Rennie refines the threshold to 15%, which produces fewer signals, of course, but more reliable ones, particularly one and two days out. He gets even better results substituting the CBOE OEX Implied Volatility Index (VXO), which is calculated using S&P 100 (OEX) options, i.e., the original VIX methodology.

He only looks at oversold VIX signals, but frankly, those will work better in that you will not get the slippage you get when the VIX goes overbought. Remember just a few weeks back the VIX got as much as 90% above the 10-day SMA, so you would eat up a year’s worth of good signals if you got caught with one bad one like that.

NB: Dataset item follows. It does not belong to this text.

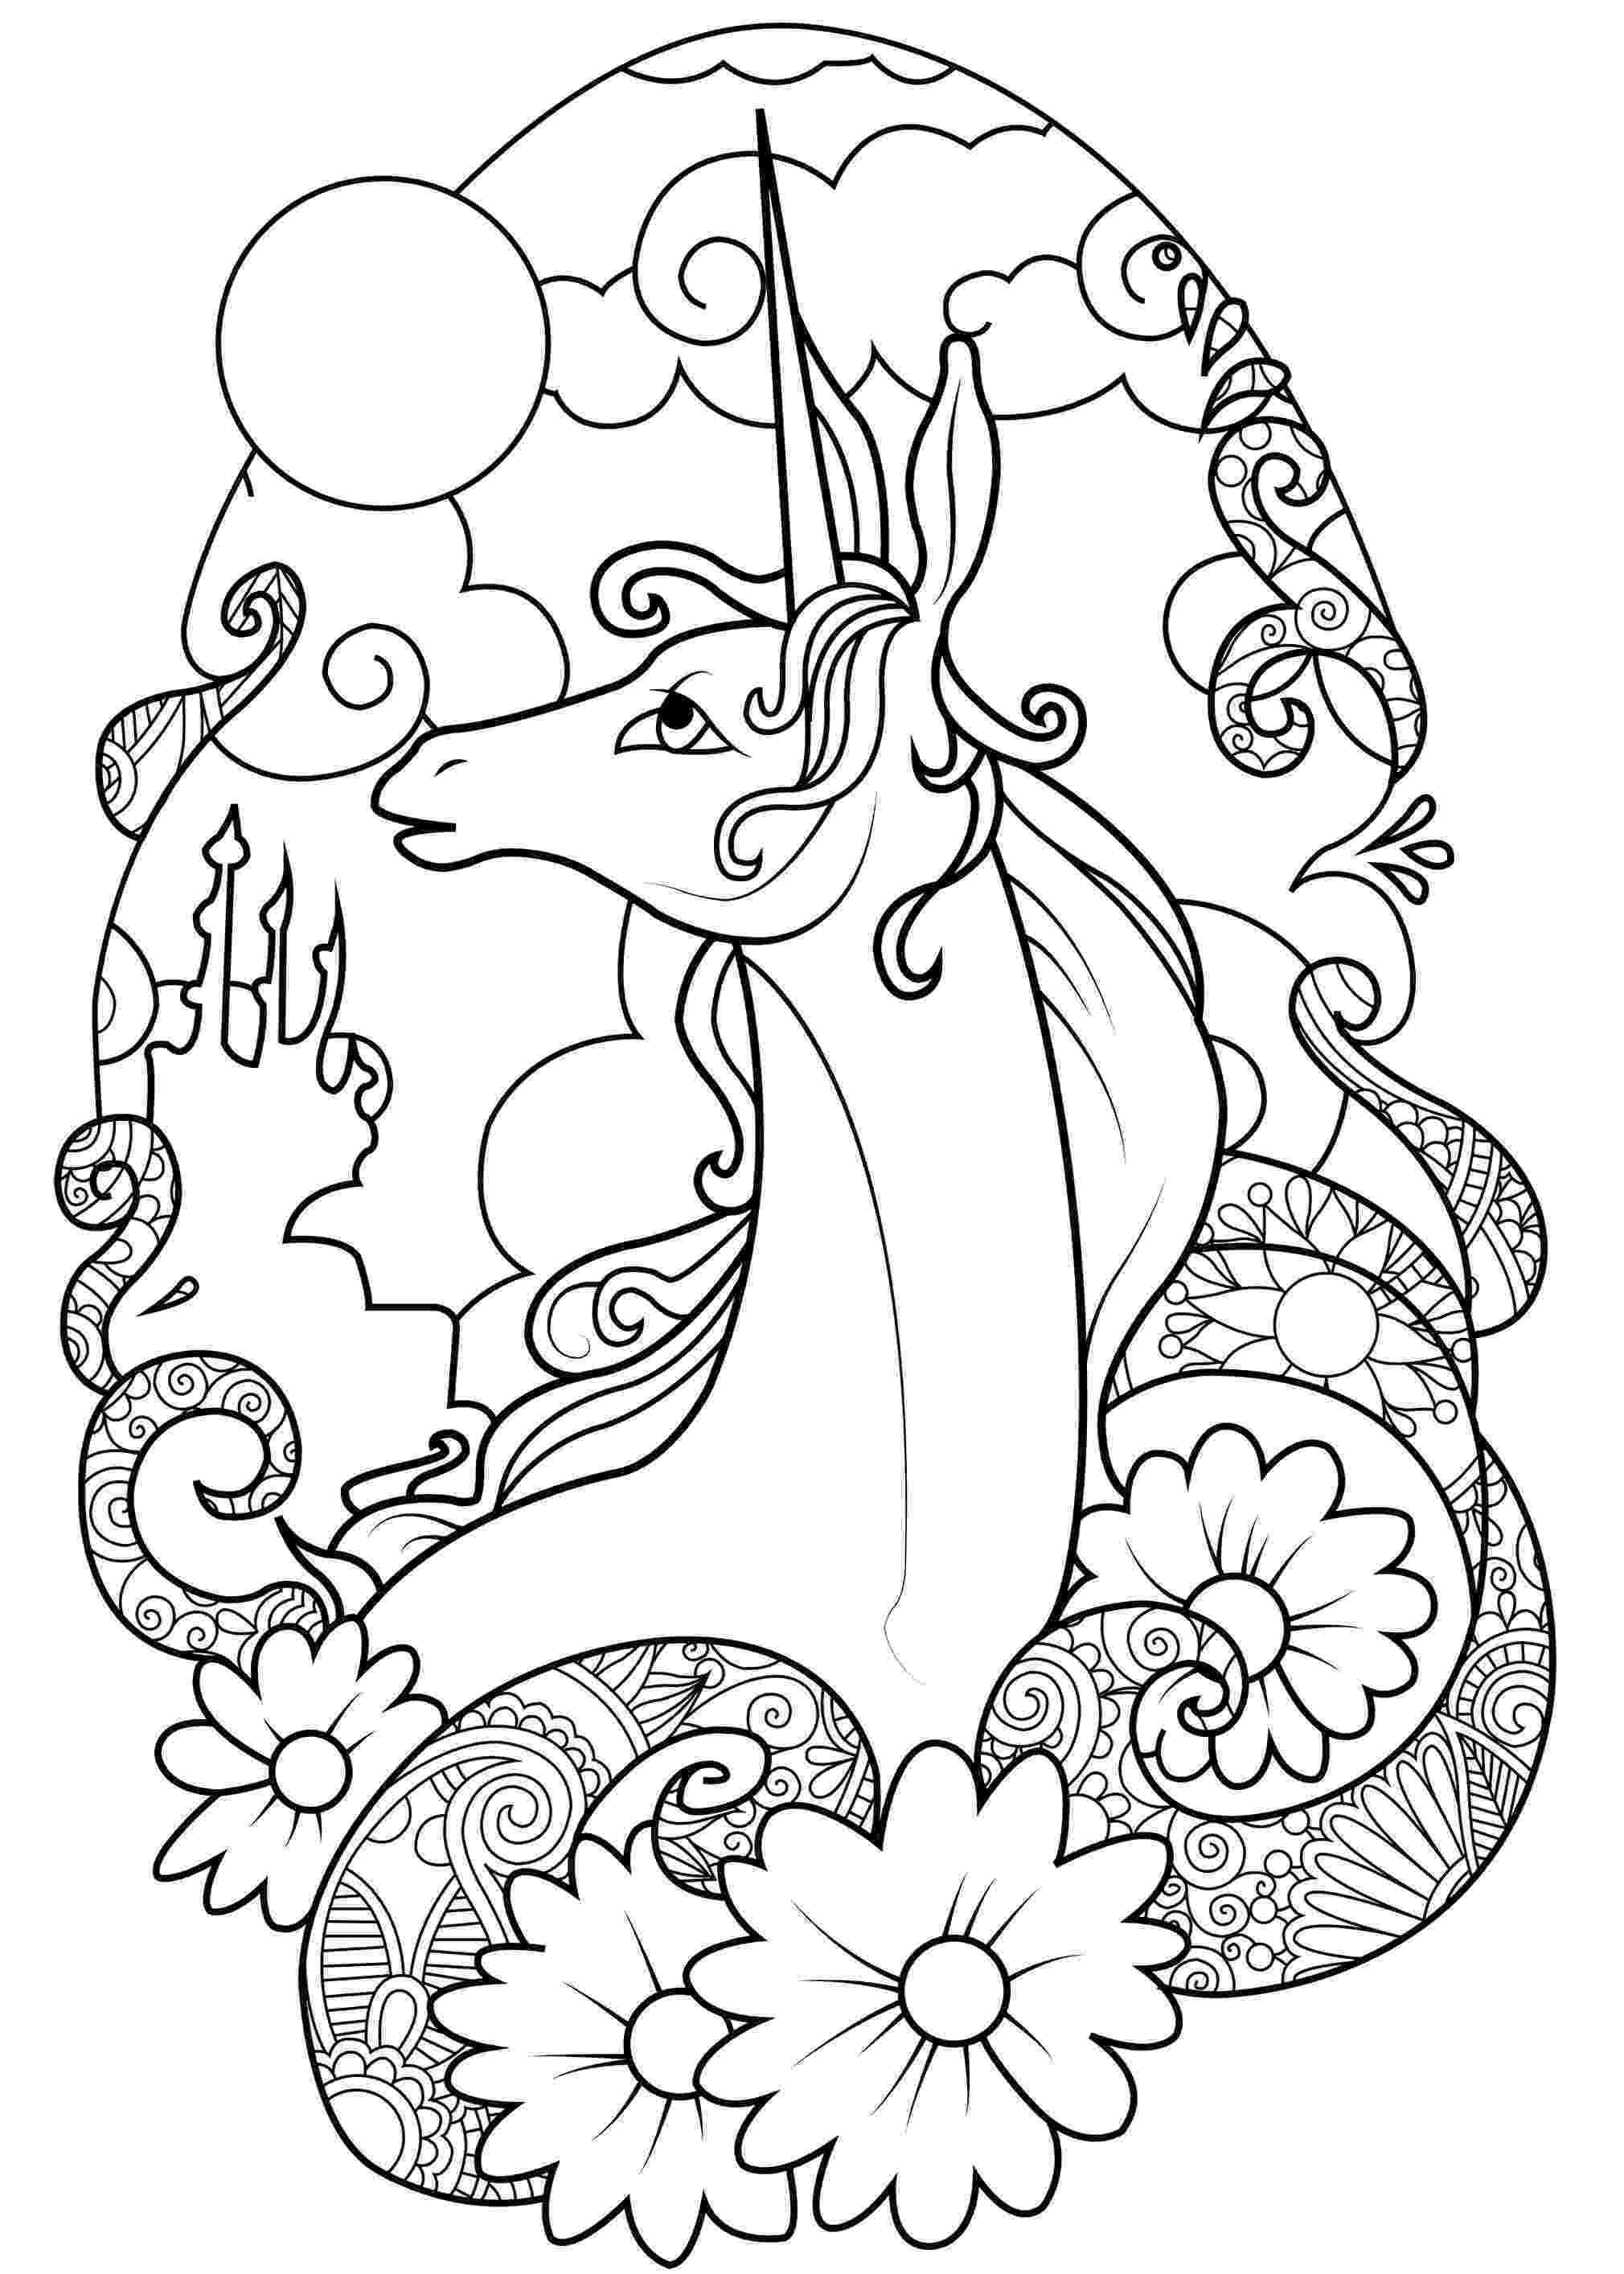 unicorns coloring pages fairy unicorn unicorns adult coloring pages pages unicorns coloring

If I could refine this even further, I would add that whatever threshold you like with this indicator, you will find it works best if it’s a short-term contra trend move.

In other words, let’s say the market is in an intermediate-term downtrend (like, say, right now). Oversold VIX indications, like a move 15% below the 10-day SMA in this example, will often yield a good signal that a contra trend short-term rally within a longer-term downtrend has run its course. In plain English, that means it’s a propitious time to enter a bearish trade.

However, overbought VIX indications within an intermediate-term downtrend will not provide a reliable bullish signal for the market.

As I type, none of this sits in play just yet. VIX and VXO each sit about 5% above their respective 10-day SMAs. But if you believe the intermediate term remains down — and with SPDR S&P 500 (AMEX: SPY) below its 50-day and 200-day moving averages, that’s a sound opinion — then you should not read much into VIX or VXO even if (when) they do nudge higher.